▸ Information provided:

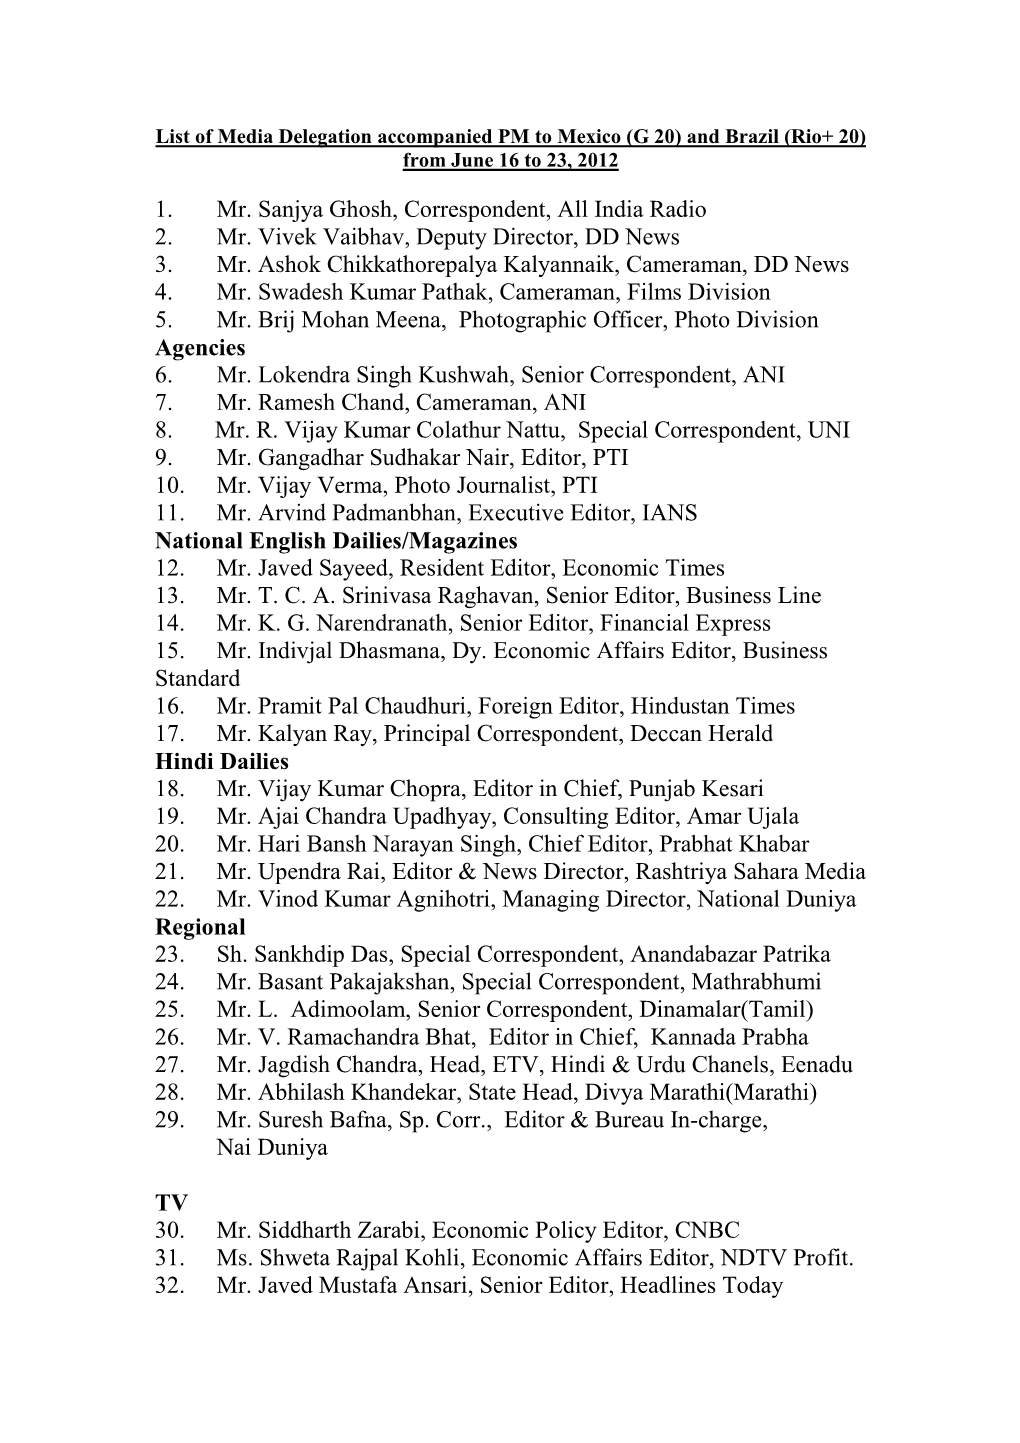 List of Media Delegates[1]
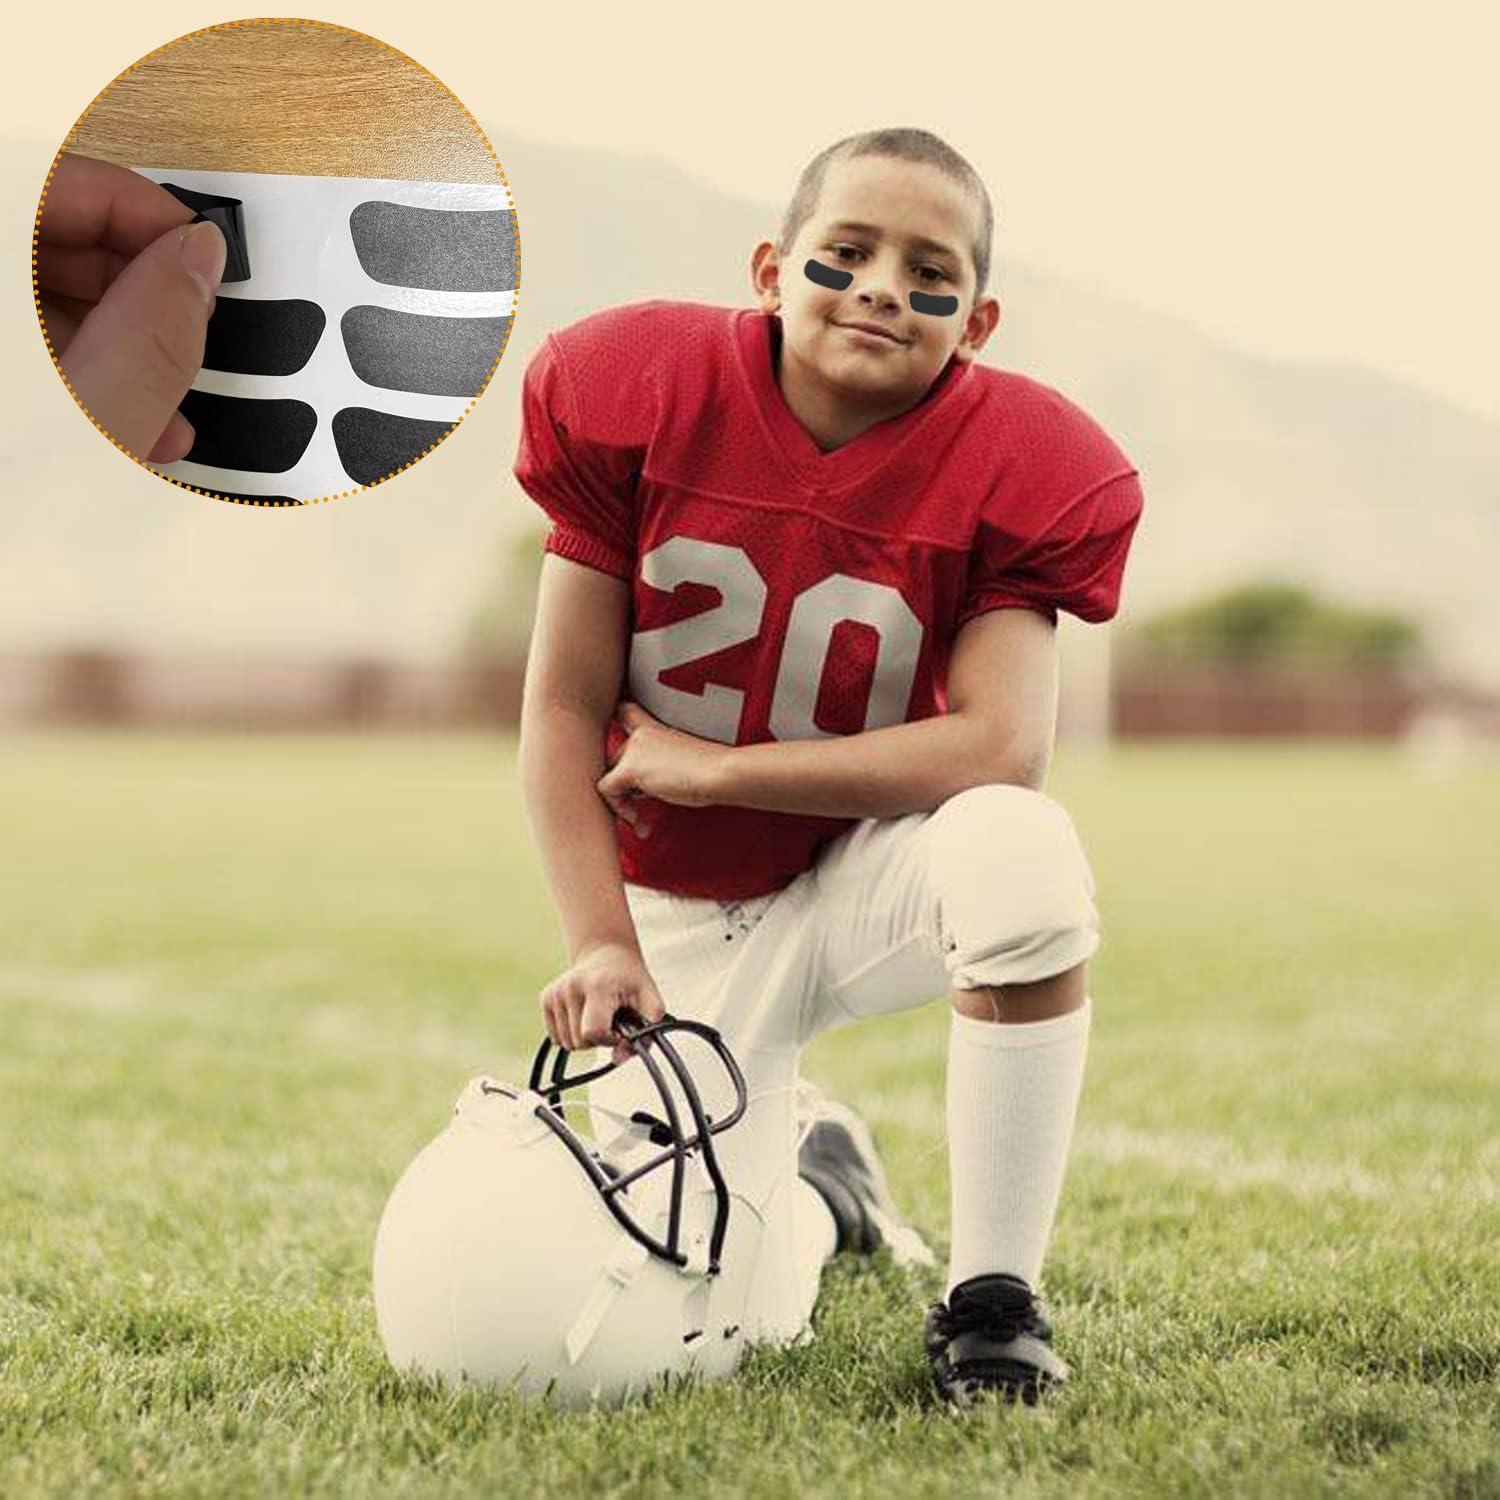 Sazoemao 200 Pairs Sports Eye Black Stickers for Kids,Eye Strips
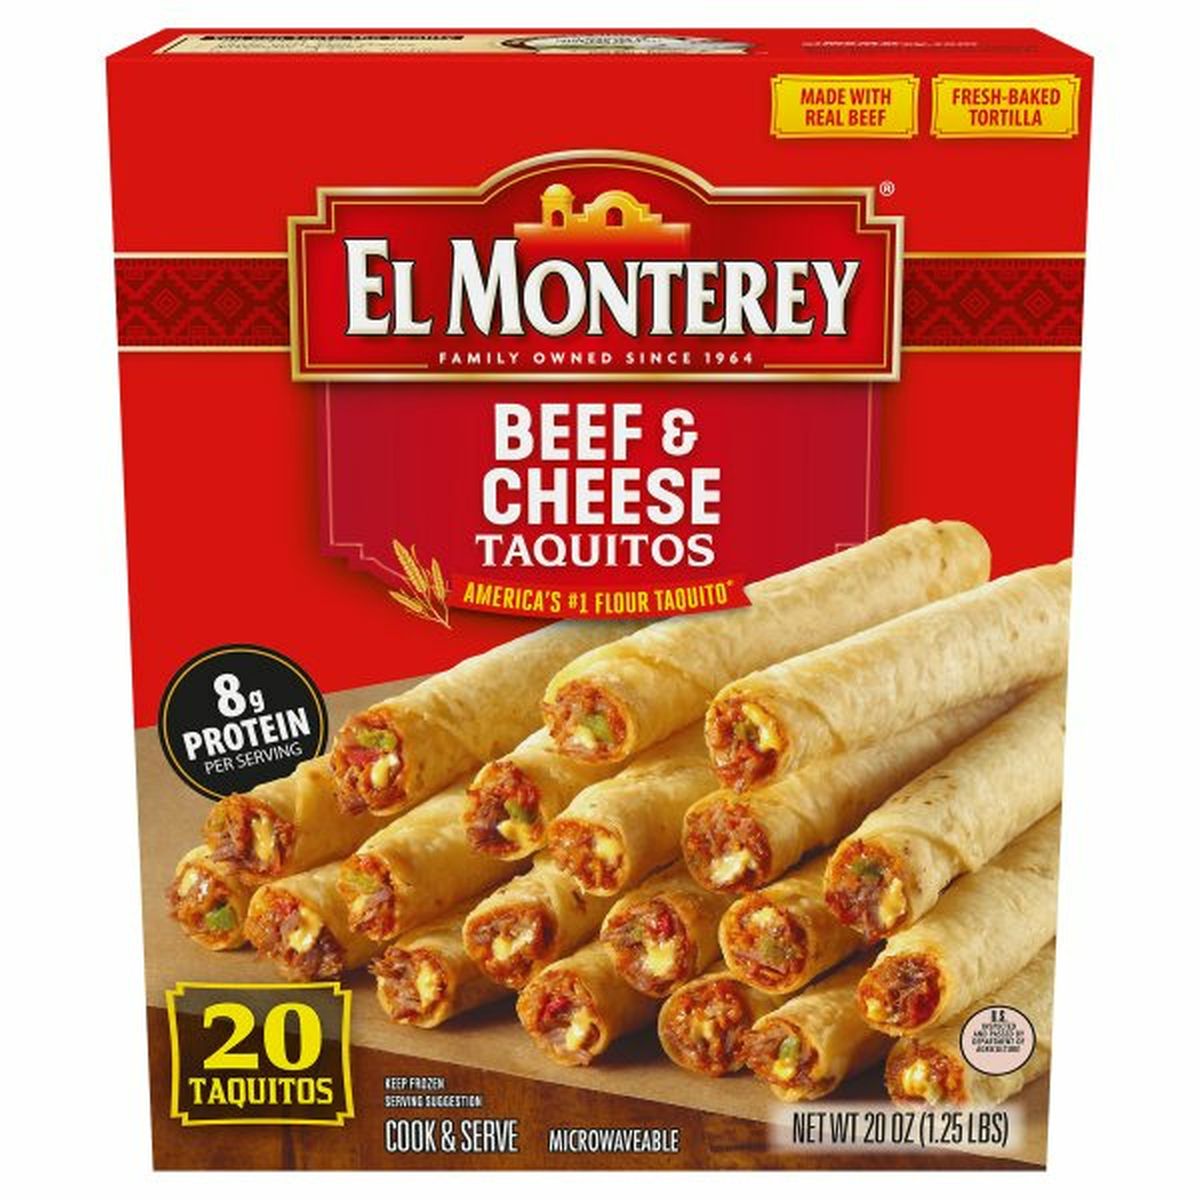 Calories in El Monterey Taquitos, Beef & Cheese
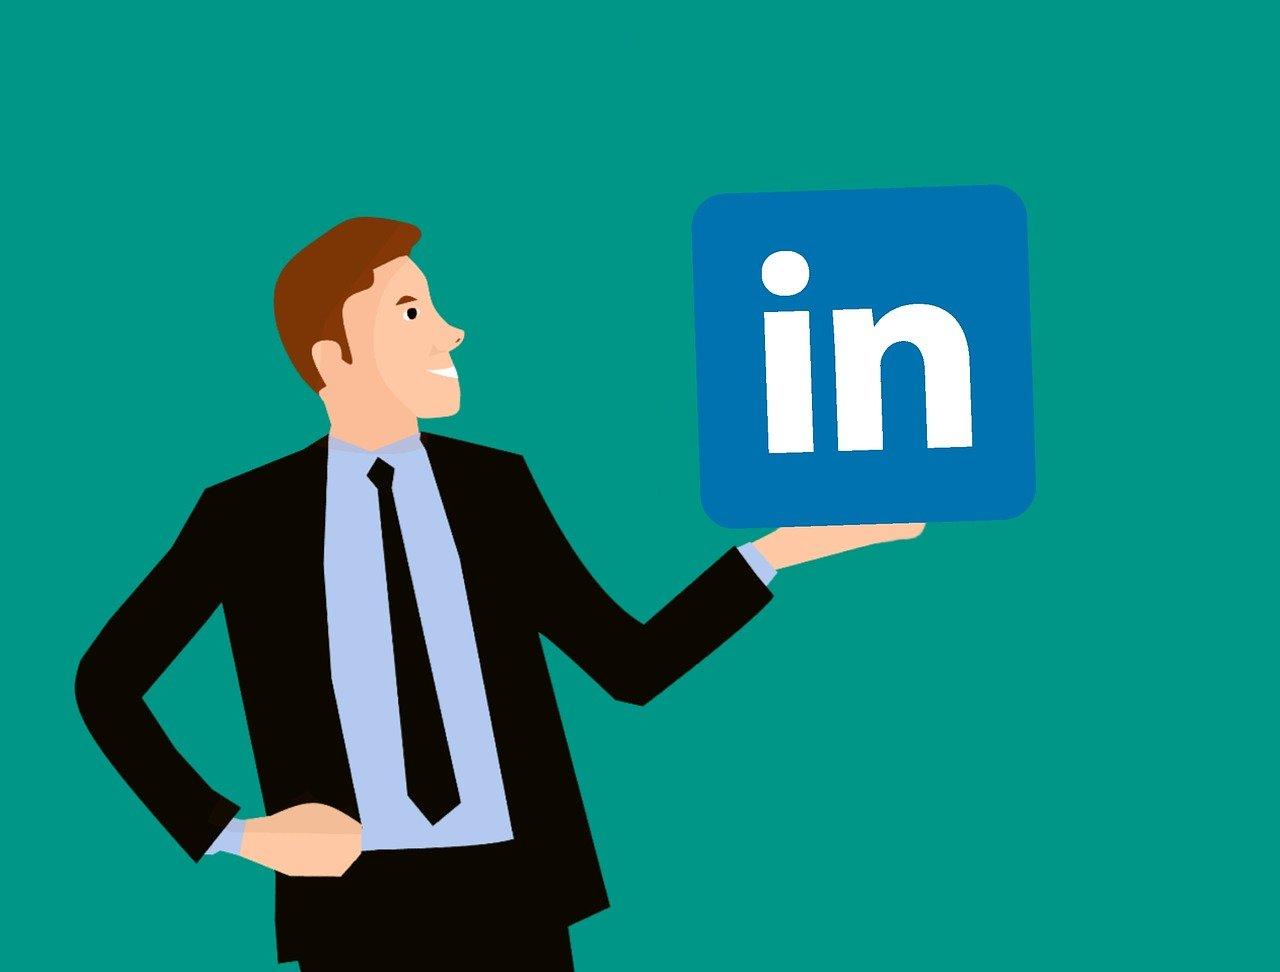 Explore LinkedIn Premium for Business Growth

▸ Activity:
Leave out every picture and copy verbatim the lines running from the line containing "Sazoemao 200 Pairs" through the final line of the data.

▸ Response to the task:
 Sazoemao 200 Pairs Sports Eye Black Stickers for Kids,Eye Strips
 Calories in El Monterey Taquitos, Beef & Cheese
 Explore LinkedIn Premium for Business Growth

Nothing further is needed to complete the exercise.